In choosing which items to retain, Spector (1992) recommends retaining items with the highest item remainder coefficients (corrected item-total correlation) but notes that this is often a balance between retaining coefficients above a set criterion, e.g., 0.4, and retaining a certain number of items. Field (2009) suggests that corrected item-total correlations should be greater than 0.3; correlation values lower than this indicate that the item does not correlate well with the average behavior of the other items and therefore should be discarded. Scale item reliability analysis revealed that all items were above 0.4 (see Table 2).
Cronbach’s α is a measure of the internal consistency of the scale, which directly corresponds to both the number of items and their magnitude of intercorrelation (Spector 1992). A widely accepted rule of thumb is that α should be above 0.7 to demonstrate internal consistency (Nunnally 1978). All items had high reliabilities with Cronbach’s α ≥ 0.7 (see Table 2).
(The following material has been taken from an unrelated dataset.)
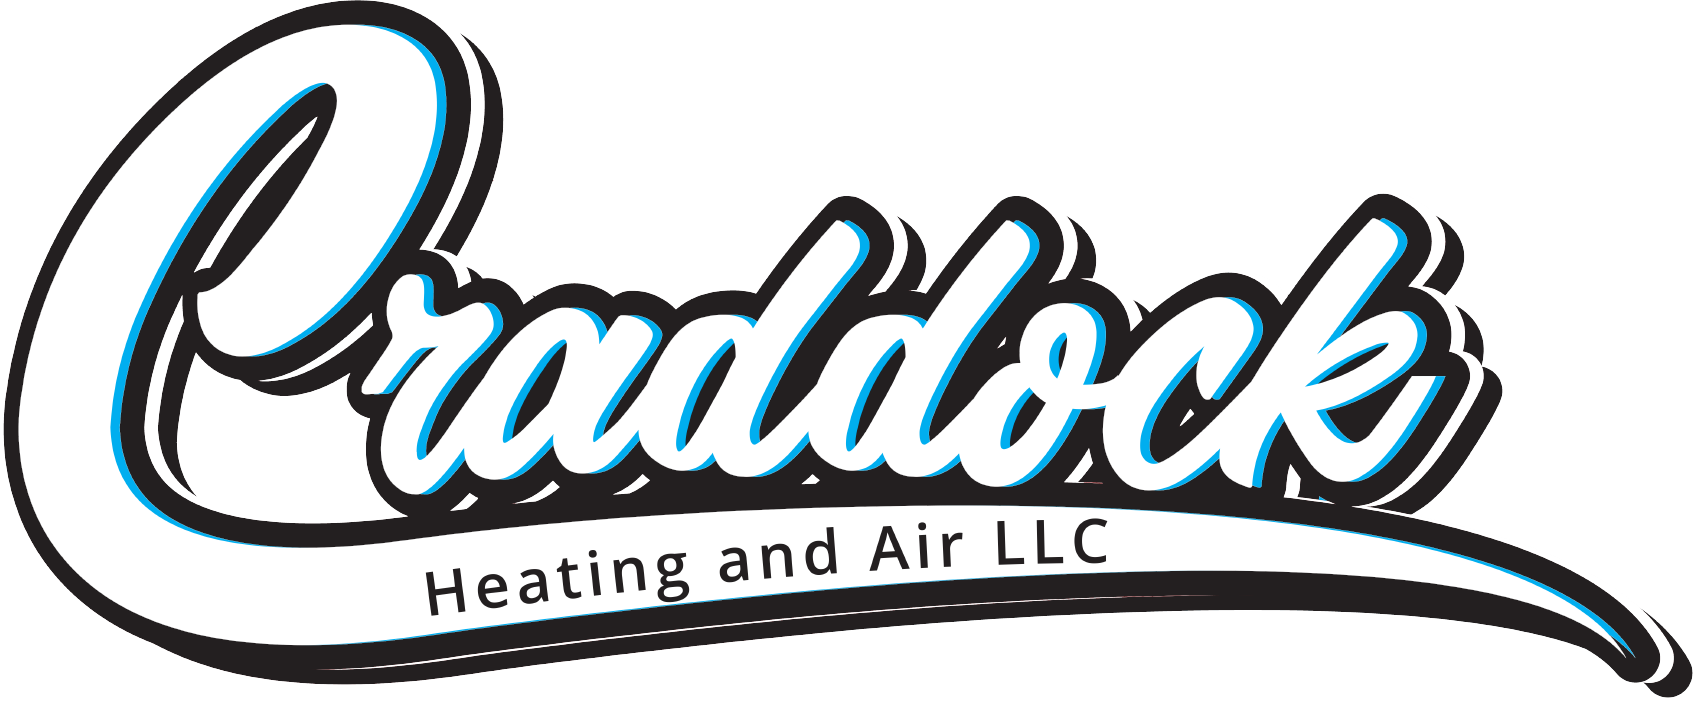 craddock heating and air logo white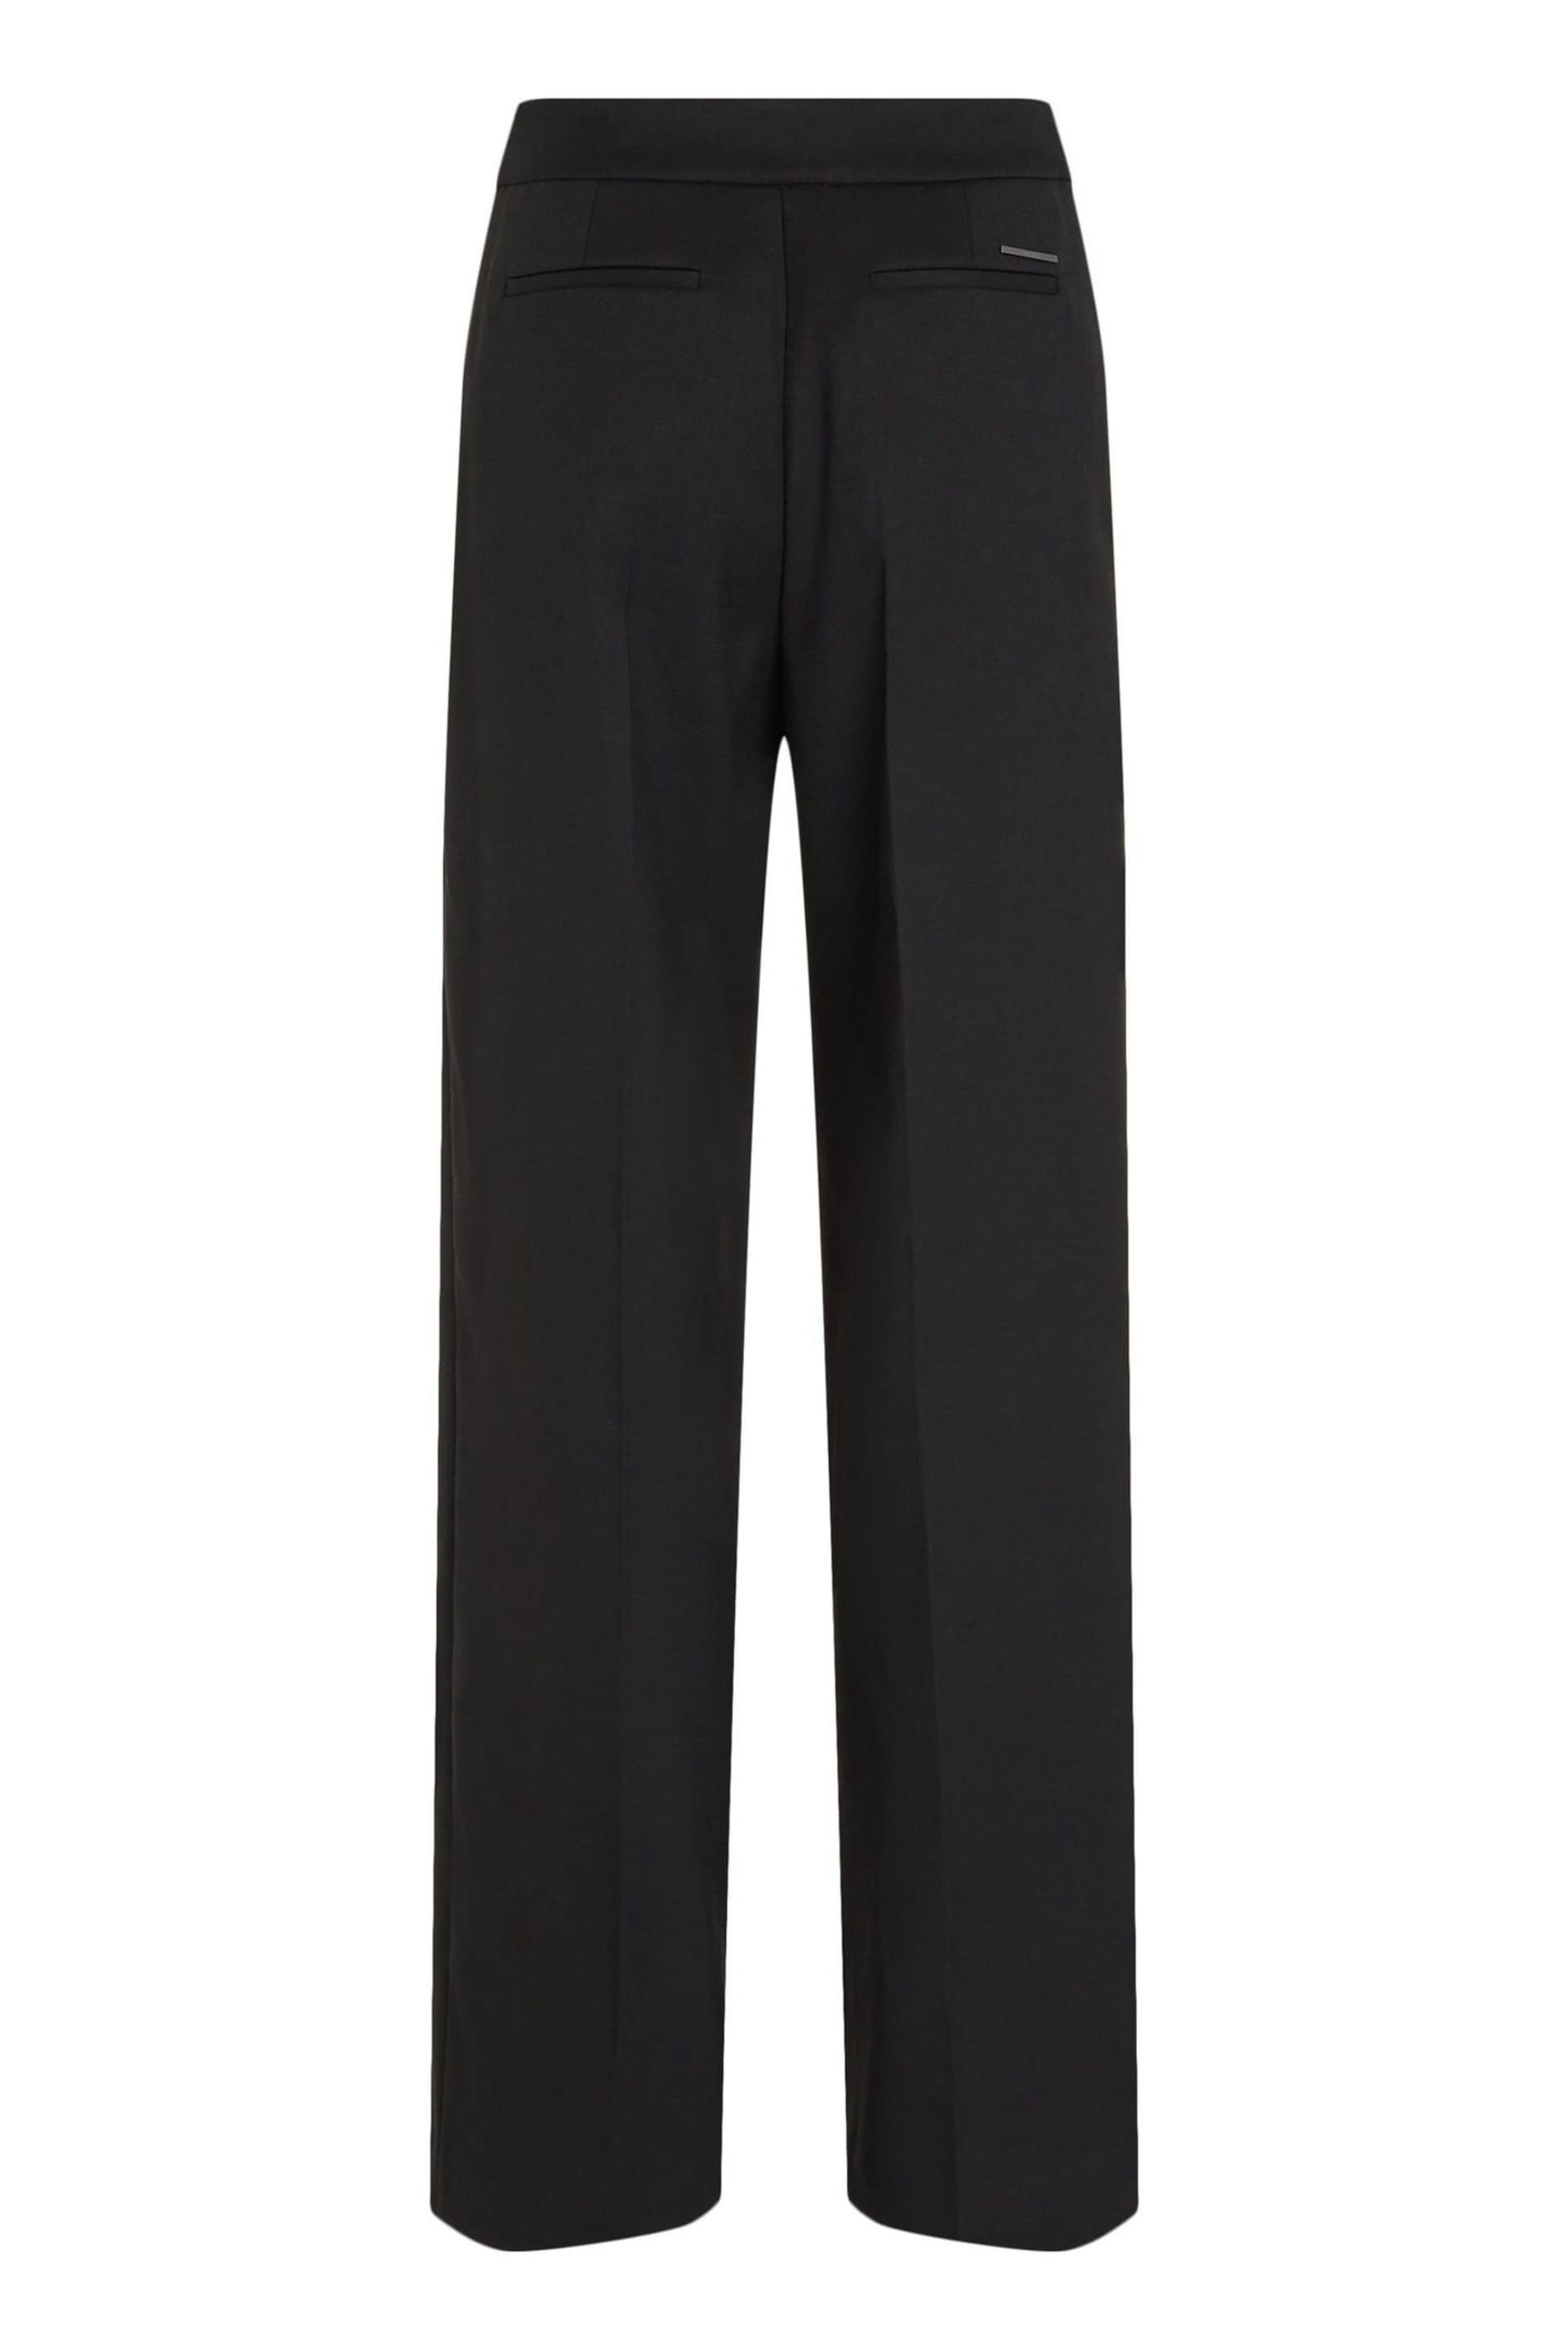 Calvin Klein Black Tailored Wide Leg Trousers - Image 5 of 6

Based on the results of corrected item-total correlations and Cronbach’s α, it was decided that all items should be retained.
Step 7: Survey summary statistics
Index scores for categories were formed by averaging responses for items across each category. For example, in the survey tool there are three items that measure proactive planning. The three items were added together and averaged to get the average score for proactive planning. Once average criterion scores were obtained for each survey, survey scores were added together and averaged to produce an overall score for each of the 15 water management survey criterion (see Table 3).
QUANTITATIVE SURVEY RESPONSES
In total, 1615 surveys were mailed, and 338 completed surveys were returned, generating a response rate of 21.0% (see Table 4). The main challenge faced during survey implementation was a lack of access to surface water users’ addresses. This limited the survey’s ability to accurately reflect the opinions of those who solely use surface water. It is, however, important to note that proportionally fewer people rely solely on surface water within Nebraska compared with those who use groundwater or those who use both surface water and groundwater. Although water use statistics for the study area alone are not readily available, 85% of all consumptive water withdrawals, i.e., water that is removed from available supplies without return to the water resource system, in the state are from groundwater versus only 15% from surface water (United States Geological Survey 2005). Further, groundwater-irrigated agriculture represents approximately 93% of the state’s groundwater withdrawals, and surface water-irrigated agriculture represents 24% (United States Geological Survey 2005). For this survey, there were a total of 319 responses from people who use groundwater or both groundwater and surface water, and 85% of all respondents indicated they use water for irrigation. Although it would have been optimal to obtain a higher response rate, particularly from surface water users, survey results are largely representative of the water user population within the study region.
QUALITATIVE AND QUANTITATIVE RESULTS
We assessed the general question of how well water users in the PRB think Nebraska’s current water management system is working, using both quantitative and qualitative data collection. Interviews were conducted with a wide range of stakeholders within the PRB, whereas survey data were focused on surface water and groundwater right holders, who are subsequently referred to as water users. Consequently, qualitative interview data include a more diverse range of perspectives. With this in mind, qualitative and quantitative data were reviewed in tandem, revealing that for the majority of criteria both methods indicated similar trends in stakeholders’ beliefs of how well management efforts are working. Results for each of the 15 success criteria (defined in Table 1) are presented below.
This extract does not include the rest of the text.